Some days ago the world press was abuzz with the study on the Facebook friend graph, that found the average distance between active Facebook users to be 4.74, i.e., almost 5, meaning that there are on average 4 Facebook linked friends separating one Facebook user from another. See also brief summary on the Brede Wiki.There are standard algorithms on the shelve to compute the distance for small graphs, but because the Facebook graph is so huge you/they need special algorithms. First author Lars Backstrom employed at Facebook (that gave a keynote at 8th Extended Semantic Web Conference about the Facebook friend suggester) had the Facebook data and got hold on an algorithm from Milano researchers that could handle the 871 million active Facebook users and their 69 milliards friendship links. In a previous study the Milano researchers examined the “spid”, i.e., the variance-to-mean ratio of the distances. They claim that “spid larger than one are to be considered ‘web-like’, whereas networks with a spid smaller than one are to be considered ‘properly social’ and demonstrated that on a number of social and web networks. The Facebook study found a spid on 0.08.
I am confused somewhat by the notion of six degrees of separation. Firstly, does “degrees of separation” mean the number of persons (nodes) or the number of friendships (edge) between a source person and a target persen? Backstrom a Co. “will assume that ‘degree of separation’ is the same as ‘distance minus one’.”, that is, we are counting the persons (nodes) between source person and target person.

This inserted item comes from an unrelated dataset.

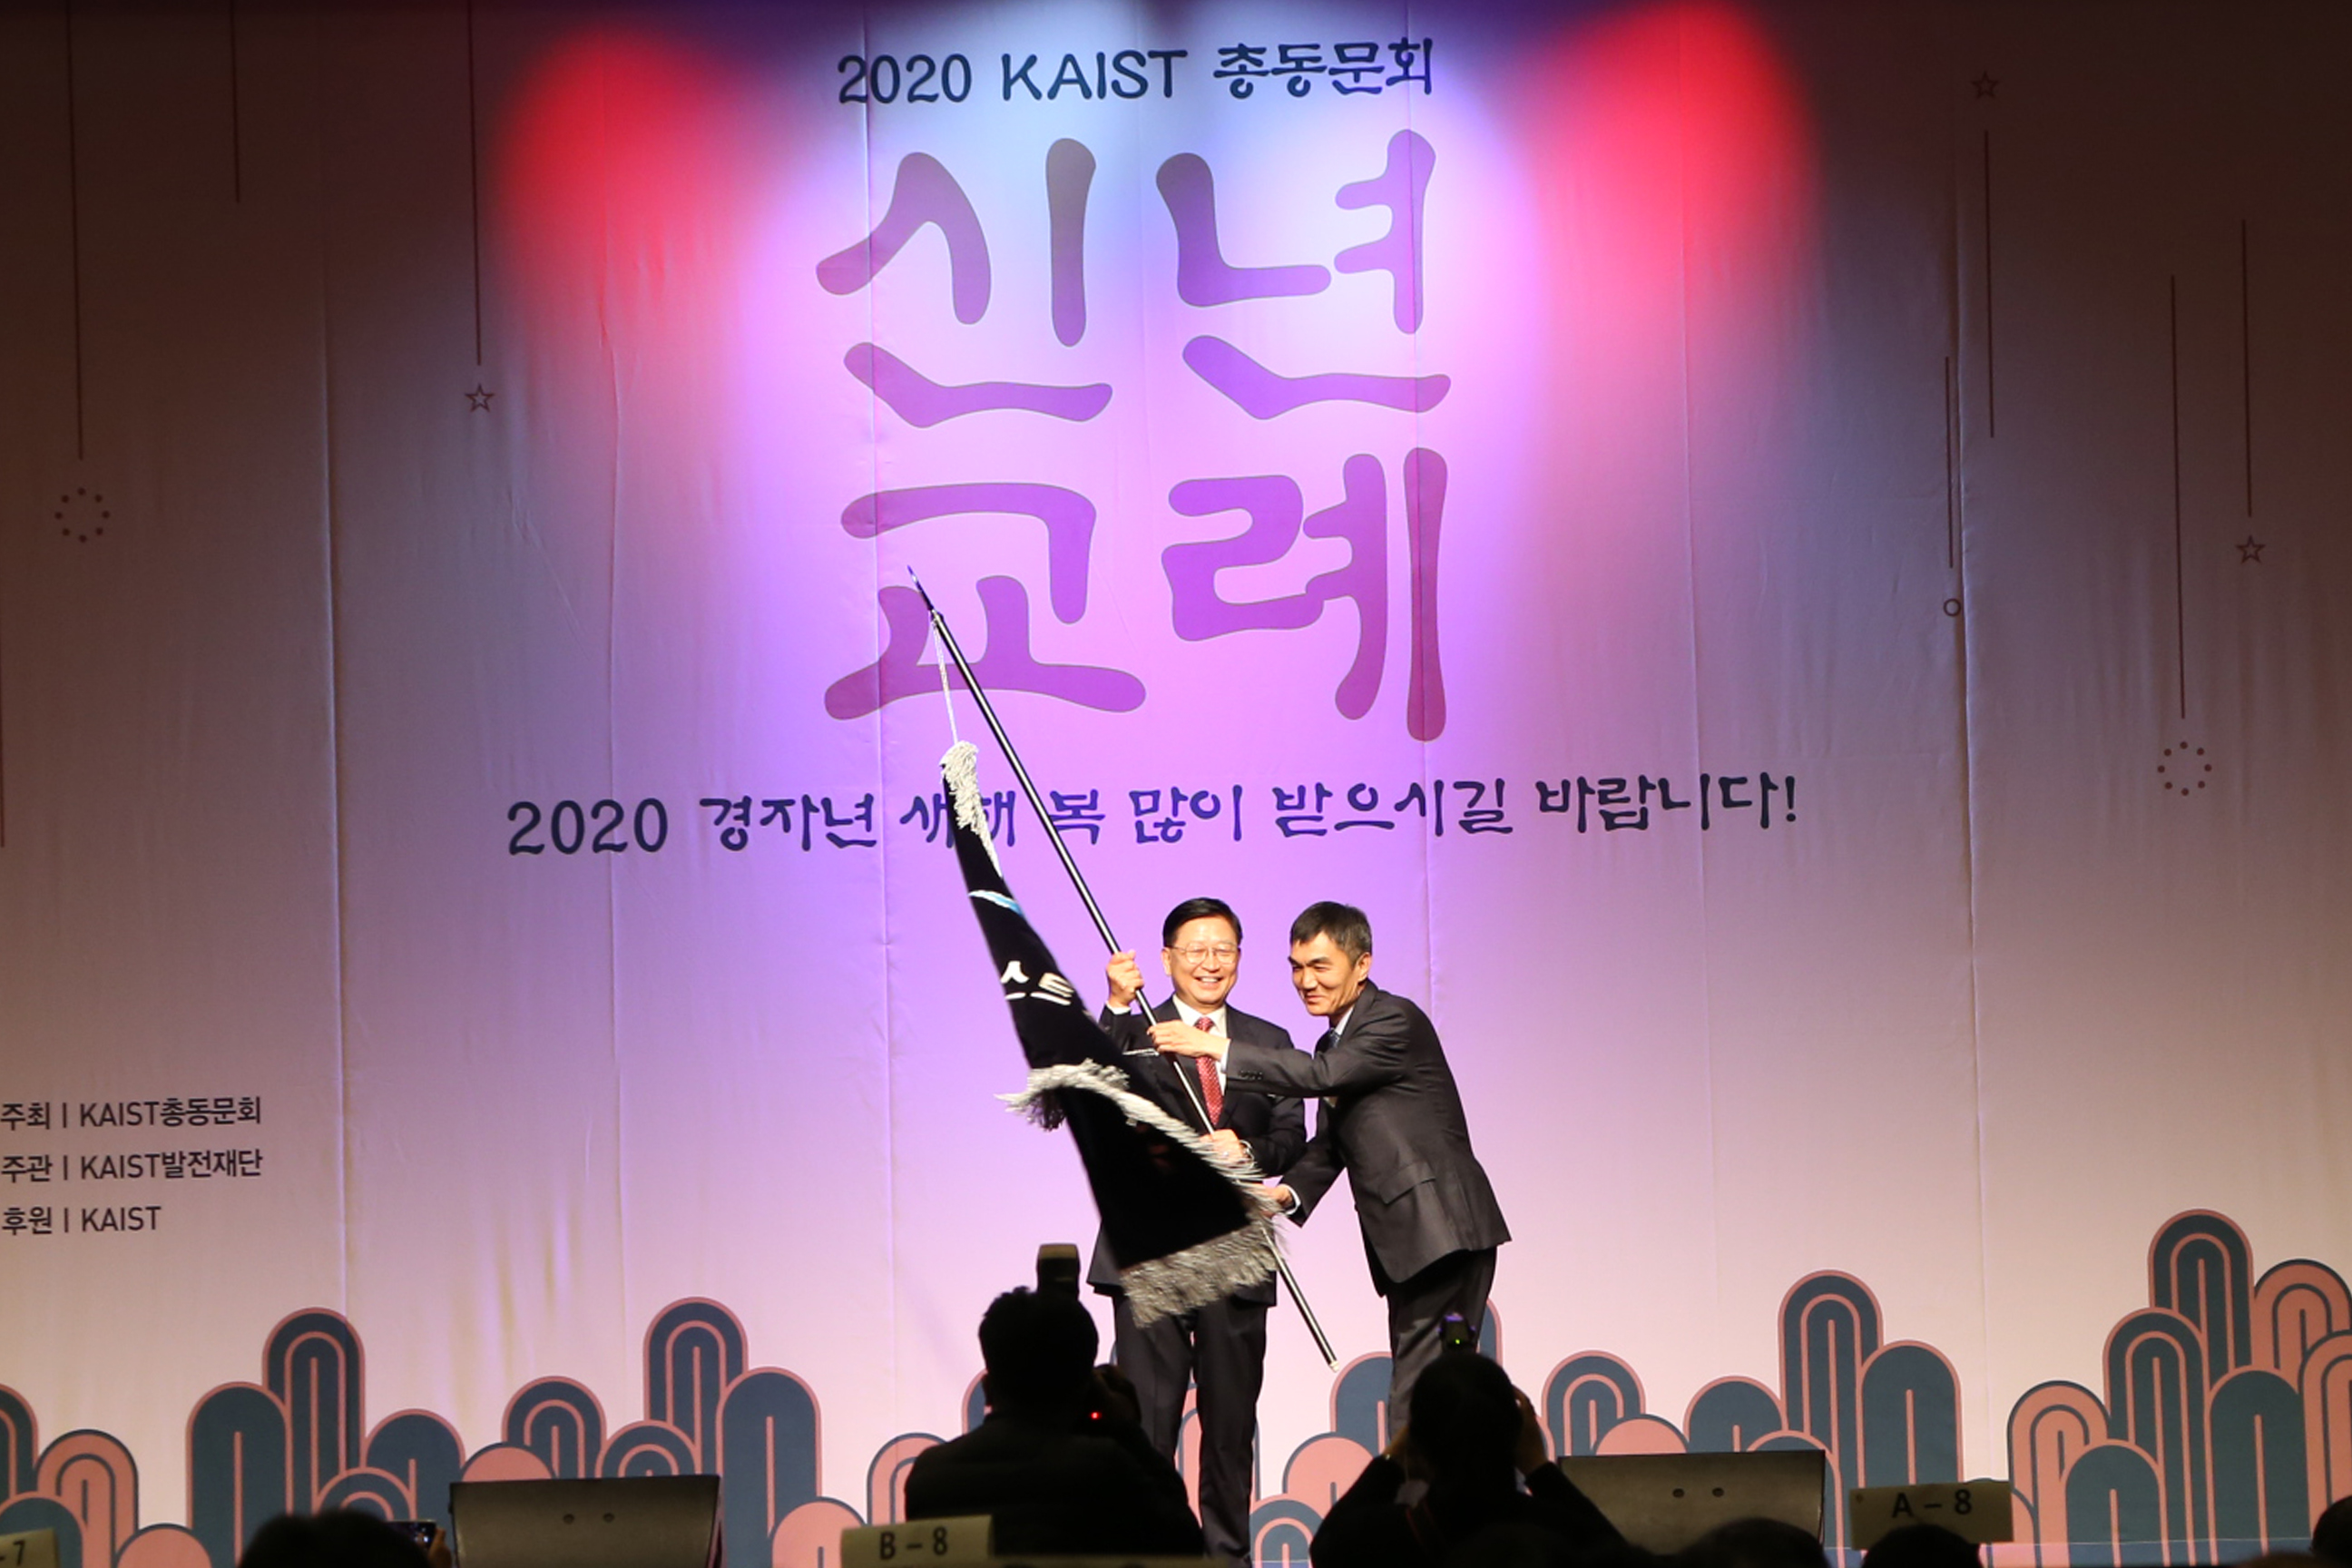  The new president Chilhee Chung (left) and the former president Ki-Chul Cha (right) 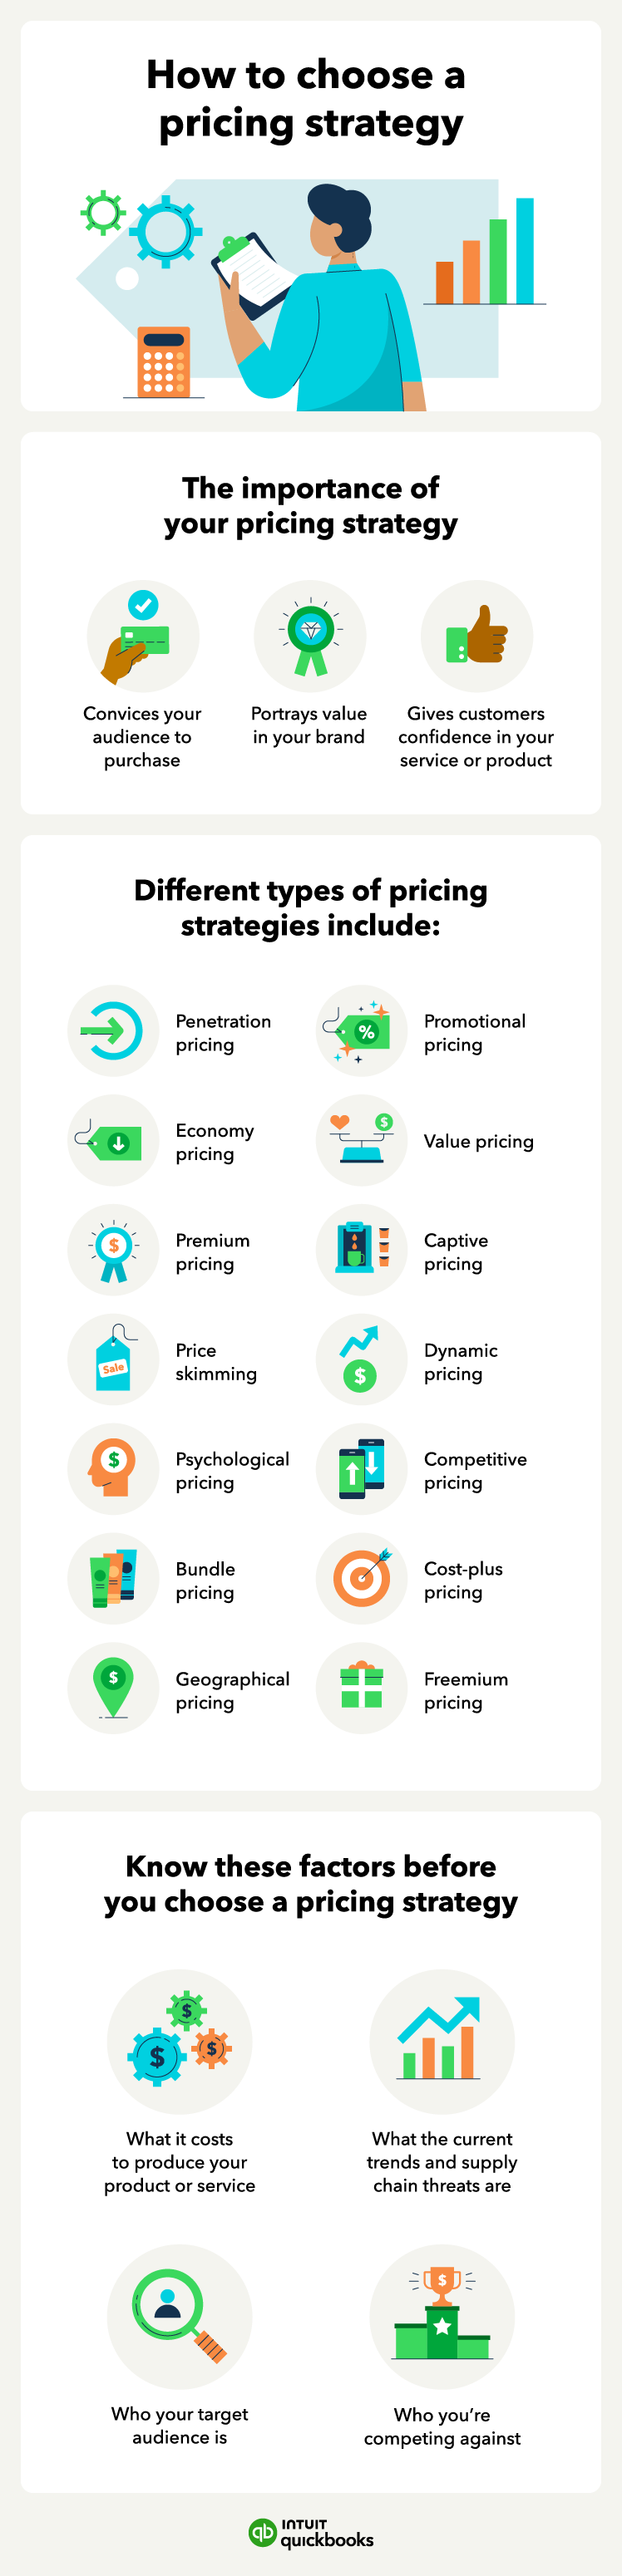 An infographic overviewing the pricing strategies, including the importance of picking the right one, and things to know

Another problem is whether the “six” refers to
- the average distance between all pairs,
- the maximum of the average distance for each person,
- the maximum distance between all pairs (the diameter), or
- the average eccentricity; the eccentricity being the maximum distance for each person to any other person.
If you look on the first sentence on the present version of the Wikipedia article I think it alludes to the first interpretation. Playwright John Guare’s six degrees seem rather to be the third interpretation.With the co-authorship graph from the Brede Wiki I can computate these different distances. The co-authors are not fully connected but the largest connected components has 665 names, which resolve to somewhat below 665 people (I got uncorrected problems with, e.g., “Saffron A. Willis-Owen”/”Saffron A. G. Willis-Owen”). On this graph I find the mean distance to be 5.65, the mean eccentricity to be 9.37 and the diameter 12. Computing the spid I get 0.73, i.e., a “social network” according to the Milano criterion. I wonder why the average Facebook distance is so low. Jon Kleinberg mentions “weak ties”. Some of my Facebook friends are linked to public figures in Denmark. Could it be that Facebook users tend to connect with famous persons and that these famous people tend to act as hubs? Another phenomenon that I think I noticed on Facebook is that when people travel abroad and have a cursory acquaintanceship they tend to friendship on Facebook, perhaps as a kind of token and reminder. Are such brief encounters actually there and important for the low average distance?
(2012-01-16: Language correction)